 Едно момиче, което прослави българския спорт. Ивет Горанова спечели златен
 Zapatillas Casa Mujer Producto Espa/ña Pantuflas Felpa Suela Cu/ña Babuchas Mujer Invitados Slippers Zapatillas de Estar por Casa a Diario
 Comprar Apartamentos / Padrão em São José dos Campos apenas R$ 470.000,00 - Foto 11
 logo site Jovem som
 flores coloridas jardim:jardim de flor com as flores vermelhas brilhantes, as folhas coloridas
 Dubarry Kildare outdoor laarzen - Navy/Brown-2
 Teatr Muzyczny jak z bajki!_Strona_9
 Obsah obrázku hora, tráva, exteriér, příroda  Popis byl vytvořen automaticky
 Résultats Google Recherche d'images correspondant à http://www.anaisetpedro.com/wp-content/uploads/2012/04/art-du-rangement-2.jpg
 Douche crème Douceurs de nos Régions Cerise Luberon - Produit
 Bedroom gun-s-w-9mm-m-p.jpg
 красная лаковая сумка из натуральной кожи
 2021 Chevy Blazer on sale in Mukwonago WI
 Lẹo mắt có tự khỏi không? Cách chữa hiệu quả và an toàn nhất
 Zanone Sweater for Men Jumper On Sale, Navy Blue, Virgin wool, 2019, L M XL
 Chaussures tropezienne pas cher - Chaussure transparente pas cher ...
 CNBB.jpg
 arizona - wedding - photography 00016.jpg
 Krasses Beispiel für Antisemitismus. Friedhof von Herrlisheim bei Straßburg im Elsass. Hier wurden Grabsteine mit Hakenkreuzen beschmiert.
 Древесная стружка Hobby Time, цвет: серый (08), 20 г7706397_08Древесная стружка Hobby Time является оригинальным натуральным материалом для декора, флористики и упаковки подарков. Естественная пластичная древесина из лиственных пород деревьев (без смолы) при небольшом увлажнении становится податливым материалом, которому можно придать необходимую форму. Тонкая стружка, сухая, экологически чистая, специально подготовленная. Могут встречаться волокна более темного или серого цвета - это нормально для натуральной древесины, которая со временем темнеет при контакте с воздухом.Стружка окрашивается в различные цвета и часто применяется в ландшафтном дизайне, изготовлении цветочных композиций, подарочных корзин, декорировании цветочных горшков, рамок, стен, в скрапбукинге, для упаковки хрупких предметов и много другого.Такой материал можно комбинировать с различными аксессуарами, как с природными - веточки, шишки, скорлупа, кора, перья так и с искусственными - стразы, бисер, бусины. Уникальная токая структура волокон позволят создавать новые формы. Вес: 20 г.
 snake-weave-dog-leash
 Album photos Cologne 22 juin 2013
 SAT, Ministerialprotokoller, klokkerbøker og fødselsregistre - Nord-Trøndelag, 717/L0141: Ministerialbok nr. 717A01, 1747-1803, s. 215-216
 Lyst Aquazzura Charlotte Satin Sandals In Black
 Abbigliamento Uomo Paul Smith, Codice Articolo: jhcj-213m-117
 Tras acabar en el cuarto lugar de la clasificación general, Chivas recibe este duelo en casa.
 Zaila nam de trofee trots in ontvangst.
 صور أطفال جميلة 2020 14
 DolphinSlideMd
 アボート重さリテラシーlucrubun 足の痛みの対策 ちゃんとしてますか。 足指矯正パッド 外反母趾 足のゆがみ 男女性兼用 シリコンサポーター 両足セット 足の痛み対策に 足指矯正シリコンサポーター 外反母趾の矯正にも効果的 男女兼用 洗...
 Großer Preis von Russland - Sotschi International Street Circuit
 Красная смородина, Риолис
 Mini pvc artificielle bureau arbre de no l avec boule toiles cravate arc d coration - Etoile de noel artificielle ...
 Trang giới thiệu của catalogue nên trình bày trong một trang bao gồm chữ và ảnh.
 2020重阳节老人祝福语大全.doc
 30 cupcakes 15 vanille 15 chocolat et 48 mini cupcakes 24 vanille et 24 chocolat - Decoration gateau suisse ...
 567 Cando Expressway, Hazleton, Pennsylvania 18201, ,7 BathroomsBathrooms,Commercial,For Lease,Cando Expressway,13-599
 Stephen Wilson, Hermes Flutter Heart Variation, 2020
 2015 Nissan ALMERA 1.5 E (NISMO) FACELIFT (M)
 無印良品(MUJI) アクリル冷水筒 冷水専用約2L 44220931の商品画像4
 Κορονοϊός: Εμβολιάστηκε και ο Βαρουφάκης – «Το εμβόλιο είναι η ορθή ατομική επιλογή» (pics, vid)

☆ ☆ ☆ ☆

Write out only the lines from the very start of the entries above to the line that includes "logo site Jovem som", both ends included, each one unchanged.

 Едно момиче, което прослави българския спорт. Ивет Горанова спечели златен
 Zapatillas Casa Mujer Producto Espa/ña Pantuflas Felpa Suela Cu/ña Babuchas Mujer Invitados Slippers Zapatillas de Estar por Casa a Diario
 Comprar Apartamentos / Padrão em São José dos Campos apenas R$ 470.000,00 - Foto 11
 logo site Jovem som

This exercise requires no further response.